Si è svolta ieri pomeriggio la Conferenza dei Sindaci, con all’oggetto le innumerevoli criticità del sistema sanitario vibonese. “Qualche segnale positivo si è registrato, soprattutto abbiamo apprezzato la volontà da parte dei sindaci, di rivendicare tutti insieme maggiore attenzione nei confronti del nostro territorio, in termini di risorse, di posti letto, di personale. Confidiamo molto in questa ritrovata unità, su argomenti di vitale importanza, come la Sanità, anche perché riteniamo che se la provincia di Vibo Valentia ha subìto nel corso degli anni forti penalizzazioni, gran parte delle responsabilità sono da attribuire ad una classe politica incapace di rivendicare i diritti costituzionalmente riconosciuti, per cui ci aspettiamo da ora in avanti maggiore serietà e maturità nell’affrontare tematiche che incidono direttamente sulla vita dei propri cittadini”.

A parlare sono Daniela Primerano, Francesca Guzzo e Ornella Grillo, dell’Osservatorio Civico Città Attiva che aggiungono: “Altro segnale positivo è stata la presenza della commissione straordinaria al completo, accompagnata dal direttore amministrativo. Abbiamo apprezzato molto la disponibilità al confronto, ed abbiamo accolto con grande favore anche la notizia dell’immediato ripristino della funzionalità della risonanza magnetica, dopo la nostra diffida, ma non possiamo al momento evitare di criticare la mancanza di soluzioni per risollevare la sanità vibonese.
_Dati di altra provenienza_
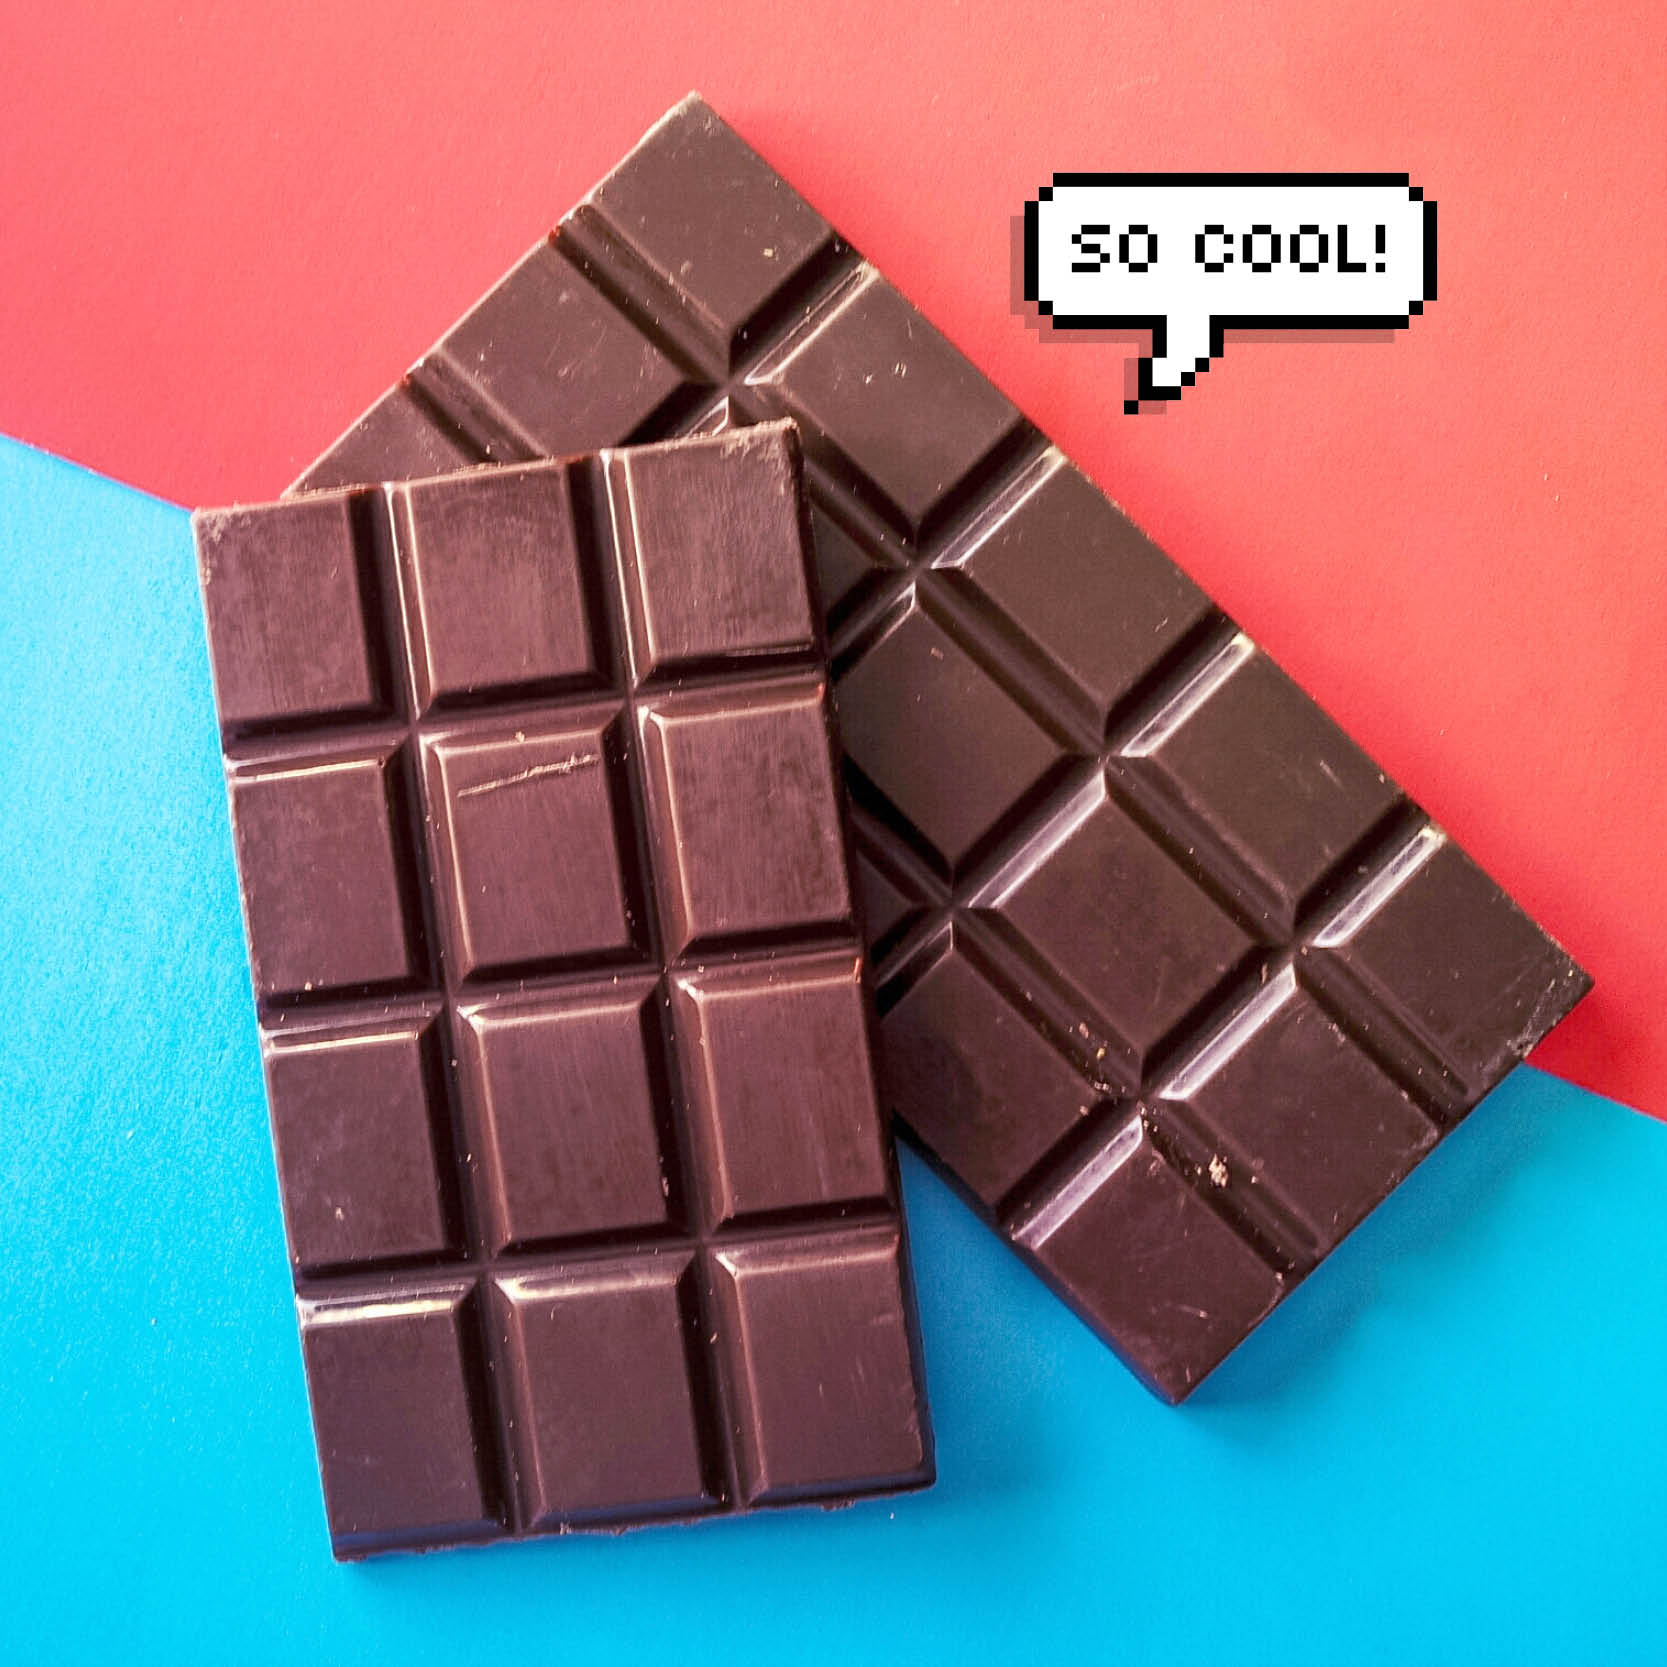 Интернет шоколада. Темный шоколад. Темная шоколадка. Экзотический шоколад. Темный шоколад вкусный.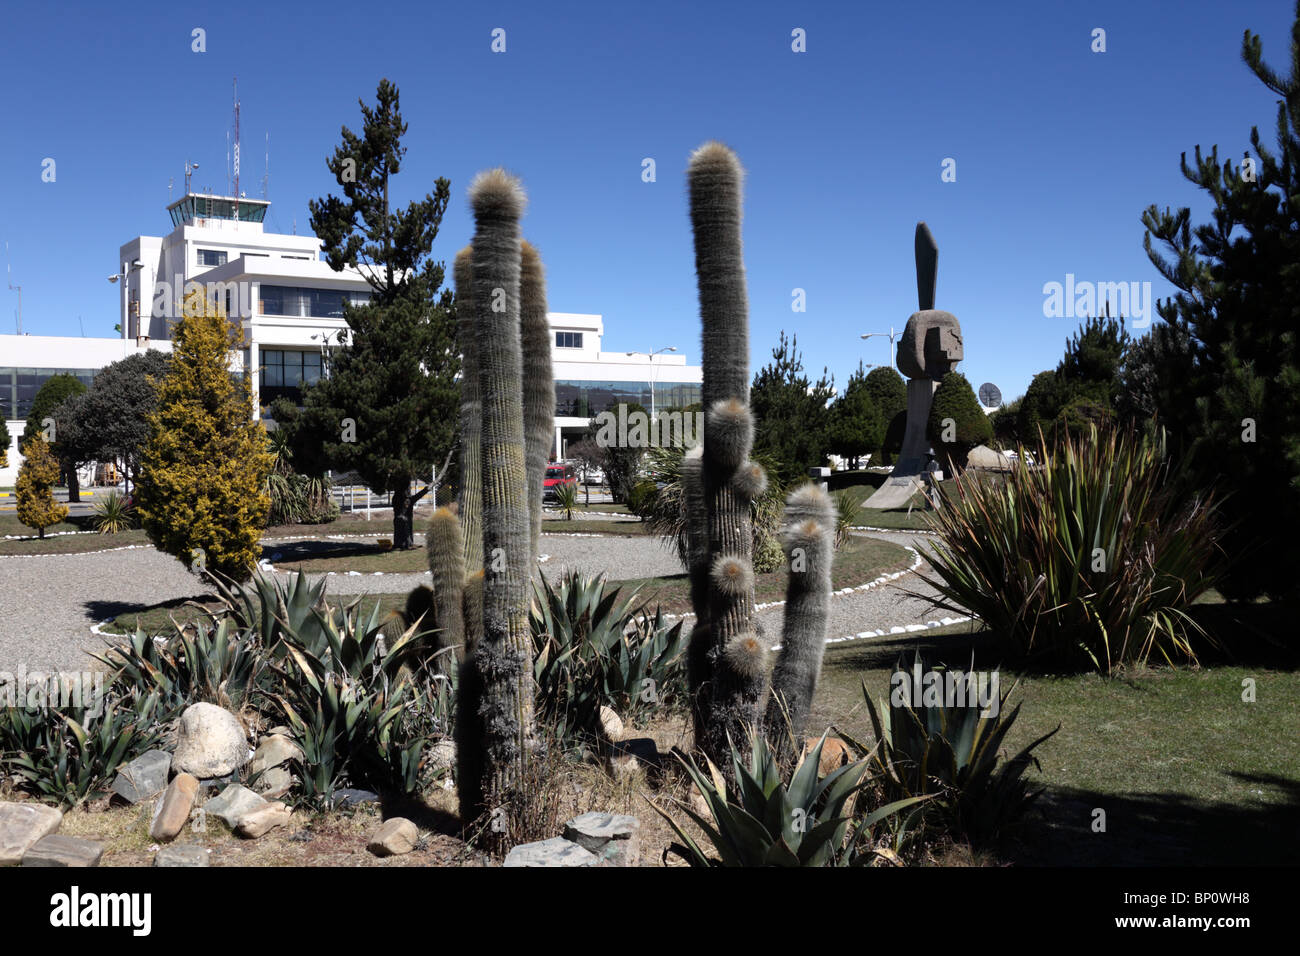 L'aéroport de la Paz / El Alto (LPB, l'aéroport international le plus élevé au monde à 4050m) et Echinopsis cactus, El Alto, Bolivie Banque D'Images

A parte una lunga dichiarazione d’intenti da parte del prefetto Piscitelli, che preferiremmo ascoltare mentre legge un lungo elenco di cose concrete già fatte, l’affermazione “non abbiamo la bacchetta magica” lascia alquanto perplessi, soprattutto quando si ammette pubblicamente che a Vibo mancano tantissimi posti letto, difatti è ormai noto che Vibo sia l’unica provincia che nonostante la riprogrammazione della rete ospedaliera, da un rapporto attuale di 1,86 arriva ad un misero 2,39 (l’indicatore nazionale è del 3x1000), mentre alcune province calabresi superano il 4x1000: Crotone da 3,92 passa a 4,00 e Catanzaro da 4,10 arriva a 4,57”.

“In termini di personale è stato anche riconosciuto che a Vibo vi è una forte carenza, ma è stato anche precisato che per poter ottenere maggiori risorse ‘l’Azienda’ deve aumentare la produzione, a questo punto sorge spontaneo domandarsi: se non hai il personale necessario, come fai ad aumentare la produzione ed i posti letto? Interrogativi a cui la commissione straordinaria è tenuta a dare risposte, in quanto è obbligata a garantire i LEA, in coordinamento con il Commissario ad acta ai sensi dell’art. 4 comma 1 del Decreto Calabria. Così come hanno poco convinto anche i tentativi del direttore amministrativo di ‘giustificare’ le forti penalizzazioni che continua a subire il territorio vibonese in termini di ripartizione delle risorse: dopo aver ammesso un forte sbilanciamento del privato accreditato a favore del territorio crotonese, ha riferito che hanno utilizzato il criterio della deprivazione sociale per rivendicare maggiori risorse per Vibo. Noi ci teniamo a puntualizzare che non siamo assolutamente disponibili ad accettare la sola presa d’atto della mancanza di equità che ha caratterizzato fino ad oggi i piani di riparto, se non è accompagnata da una precisa volontà di porre fine, una volta per tutte, a vere e proprie discriminazioni territoriali che si consumano sulla nostra pelle e ci teniamo a ricordare che il compito di tutelare il Diritto alla Salute, garantito dall’art. 32 Cost., spetta in via esclusiva all’Azienda sanitaria, per cui dal direttore amministrativo, ci interessa sapere non perché il privato accreditato si sia concentrato a Crotone, ma quale misura di riequilibrio intende rivendicare per garantire a Vibo gli stessi servizi sanitari pubblici che altrove vengono erogati dal privato accreditato, ricordando che l’art. 3 della Cost. non ammette distinzioni per residenza”, concludono Daniela Primerano, Francesca Guzzo e Ornella Grillo.